If you honestly believe the Scriptures are fallible, then you have no basis on which to claim any Scriptural authority — even the core of the Gospel.
A syllogism might do well here:
Premise #1 (yours): Scripture is fallible.
Premise #2: The Gospel (John 3:16) is Scripture.
Conclusion: The Gospel is fallible.
So much for Christianity.
As non-tidy as it is, you have to believe in Jesus. You have to believe in the Bible. You have to believe in Scriptural infallibility. Yes, these are beliefs, from an outside perspective. But these are necessary beliefs; in other words, the entire viability of the Gospel hinges on these beliefs.
Scripture is indeed “God-breathed.” Subsequent translations are prone to error, most certainly. Not the original, though. “God-breathed” means God wrote it. God. A few blokes penciled it down (in the physical sense), but the Words were God’s.
So this is not a question of what is logically provable. This is rather a question of what is logically necessary, given belief in Christ. And Scriptural infallibility is a logical necessity.
Awesome, Nate.
and Awesome, Vick.
Philip, If God is in control as the Bible says, then of course he could arrange the men determining the canon. The men were not deciding the canon based on their own, they were considering the Word of God by the Holy Spirit, so of Course God would lead them to decide the true canon. It was not Augustine of hippo, it was God guiding Augustine and Athanasius to pick the right choice. It was God leading redemptive history.
If Scripture is fallible, God is not in control, because God says it’s infallible so the only way for it to be fallible is for God to not be in control of the events of history to make Canon and the translators not translate the Bible in truth.
Besides, once you start going down that path, where do you draw the line? Homosexuality is ok, because Paul was just writing in reaction the Roman emperors. Women isn’t inferior to man because after all, Moses wasn’t there when man was created and there are two different stories about it and one is more right then the other. Christ wasn’t human because the translators didn’t translate this one passage the way the Greek could be translated.
Yeah. If you say that the scriptures are in fallible, everything comes up to question.
And, basically, I agree with everything Nate and Vick said. Bravi!
Philip, my mom says you’re defining terms differently. I assume she meant fallibility. How do you define it. The same way we seem to be?
Nate — Logically, the evidence of the rightness of something must come from outside it, and I quote Jesus on this point: if a man bears witness about himself, he is not believed. It’s a basic tenet of logic.
Second, yes, I agree the core tenet of Christianity is belief. But if you notice, none of the people whom Christ converted just believed without evidence. First, he showed them a miracle, or explained the ways in which he fulfilled the Messiah-ship. AFTER he did that, they believed. And followed him loyally to the end, believing in whatever he said after that. So really, there has to be some inducement to make that leap of faith.

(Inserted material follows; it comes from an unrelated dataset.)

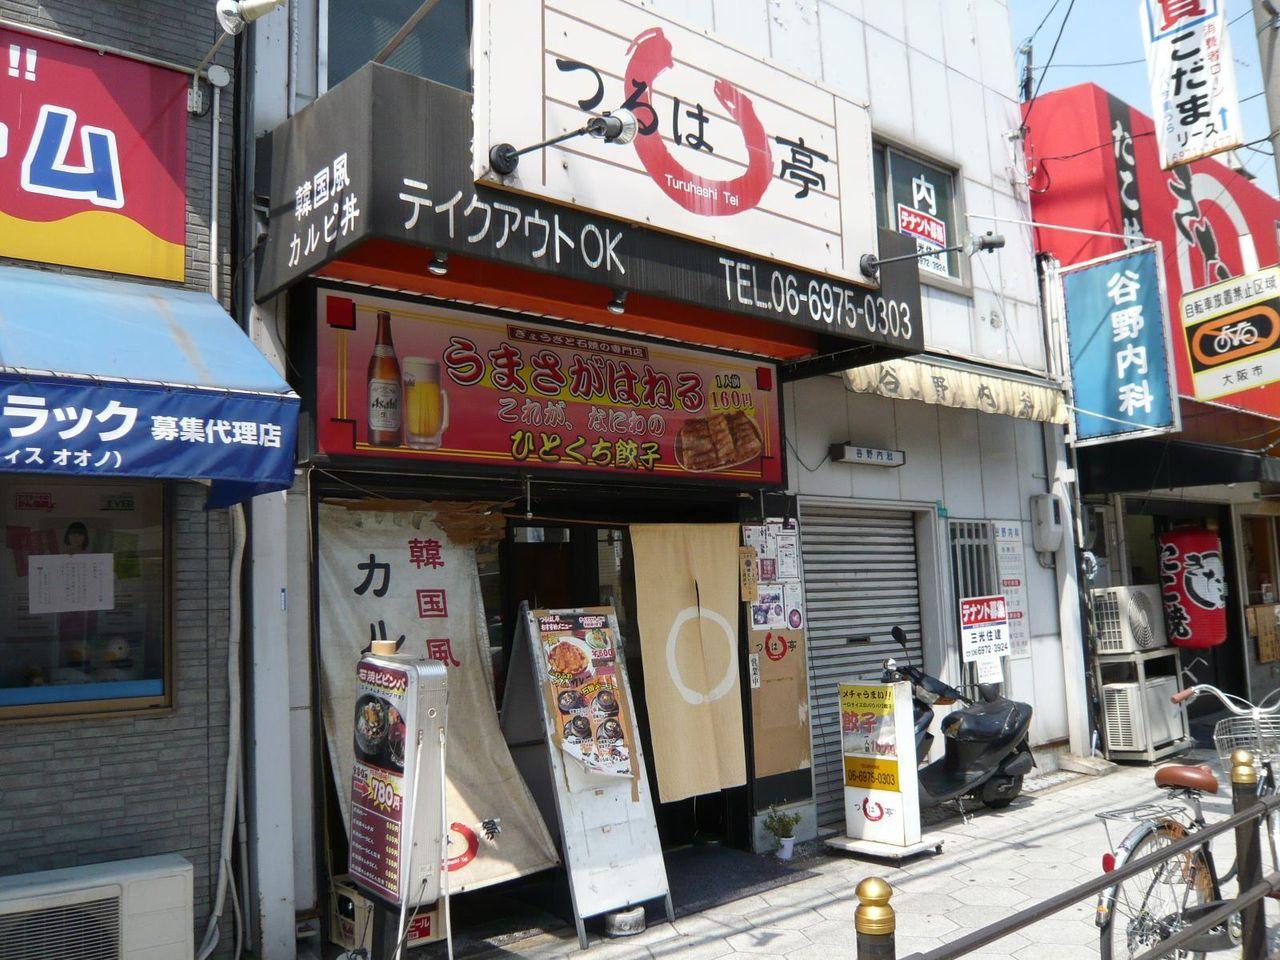 地元客で賑わう、安くて旨い韓国食堂です!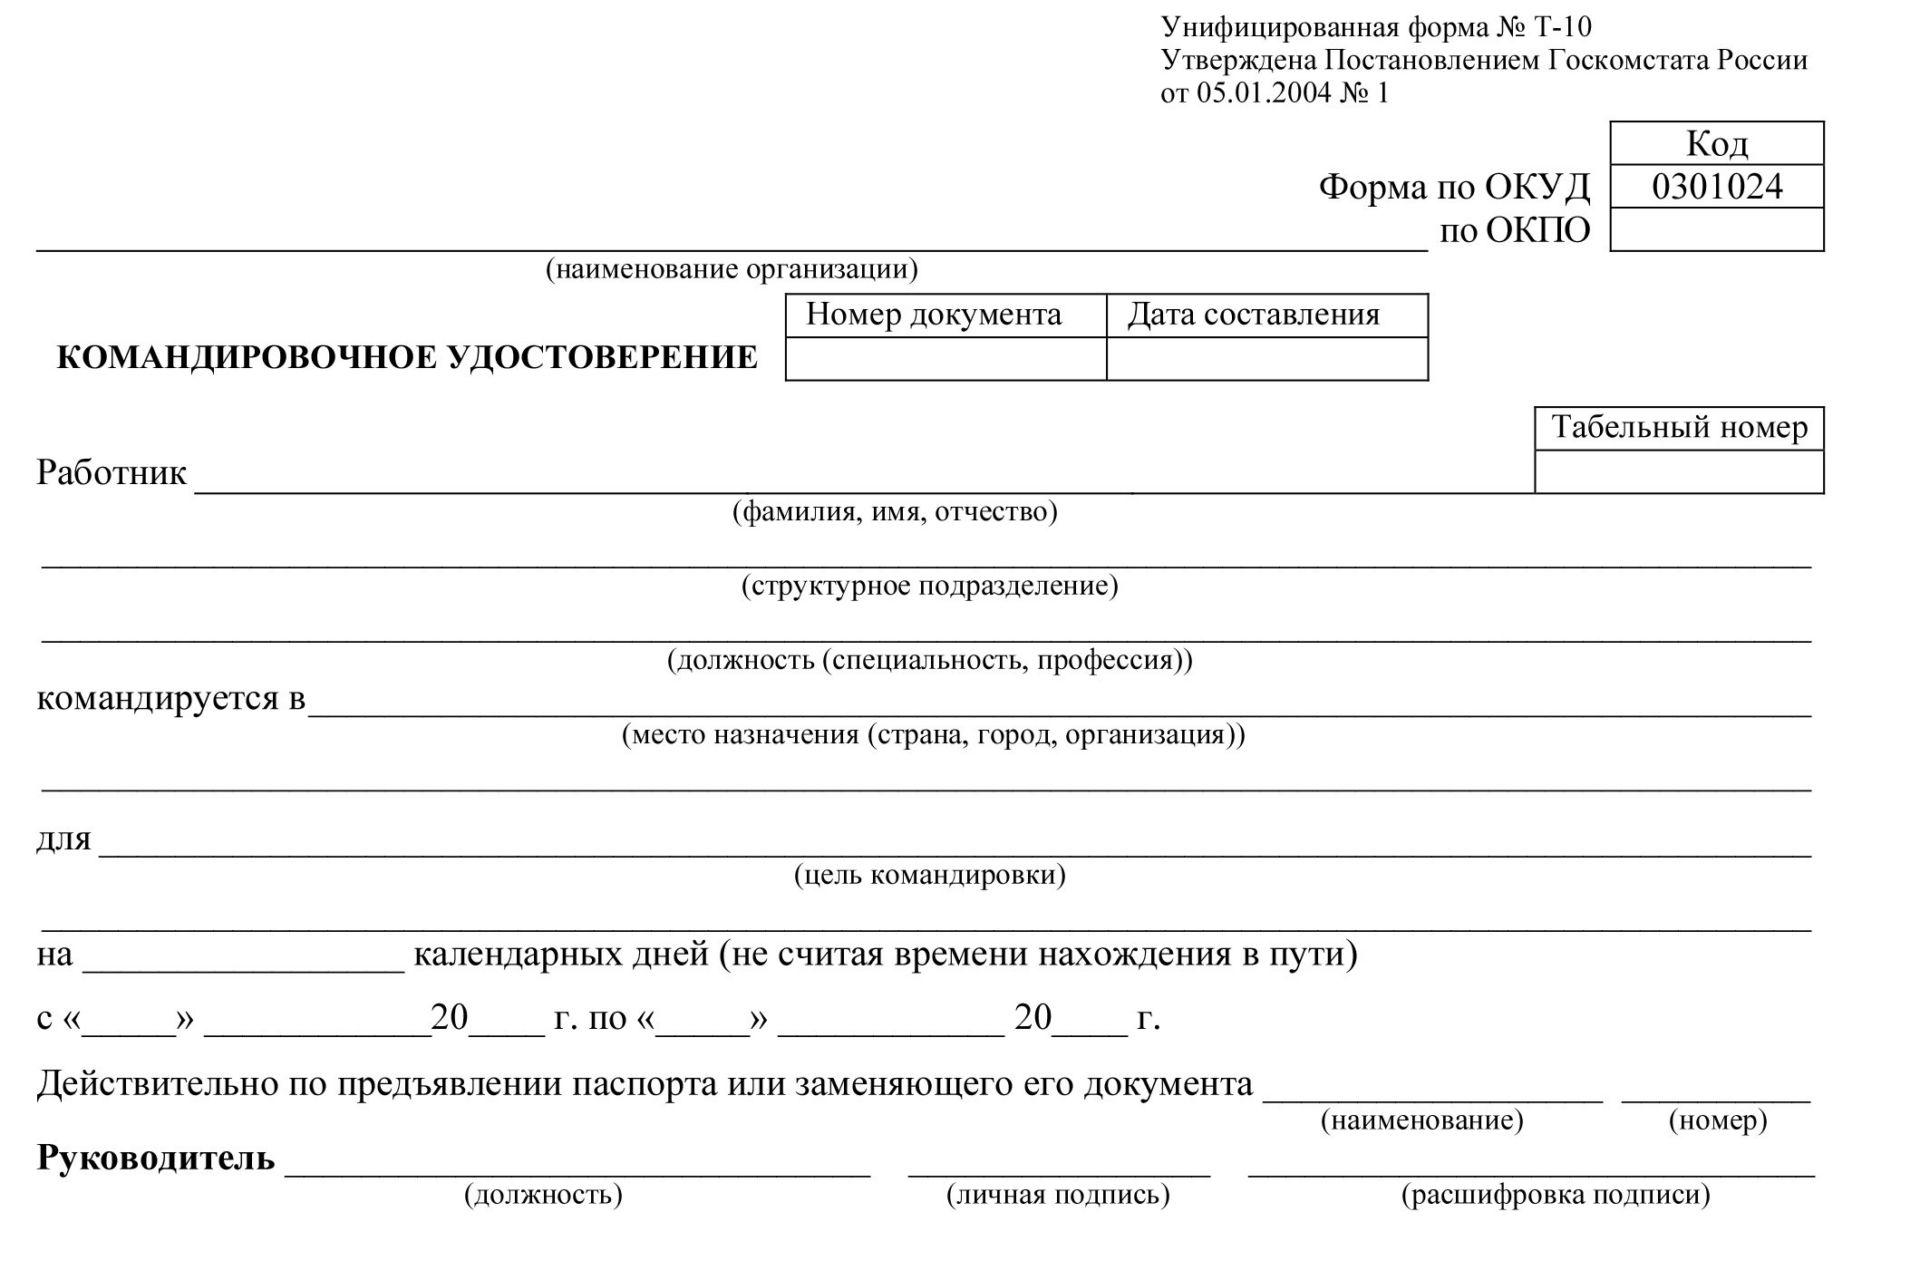 Командировочное удостоверение (форма № Т-10): упаковка 100 шт.Журналы и бланки для организаций различных форм собственности, включая ОО и ДОО<br>.<br><br>Год: 2017<br>Высота: 195<br>Ширина: 140<br>Переплёт: бланк

Thirdly, with all your talk about the final effect of my argument, you have actually sidestepped the whole thing. From what logical evidence are you suggesting that the Scripture could be infallible? Yes, I believe that Scripture is fallible. But when we talk about Thucydides being fallible, we do not really mean we disbelieve him. We sure do believe him.
Fourthly — a quick reminder about what Paul referred to would be appropriate. Scripture may be God-breathed. However, at that time, as you will recall, the New Testament was not considered precisely Scripture. Go figure.
Erin — Yes, he could control the canon’s formation. Could, however, is so different from “Did” that it’s not funny.
Second, who says that God says that it’s infallible? The press? Scripture? If so, I’ve explained already: a man cannot bear witness about itself; Scripture cannot bear witness about itself.
Thirdly, I admit — bad people will use this the way they want, just like bad people already do. That doesn’t prevent good, honest people from puzzling out God’s will for them.
Finally, I define fallibility, briefly, simply as “non inerrancy”, or, “the possibility of erring”.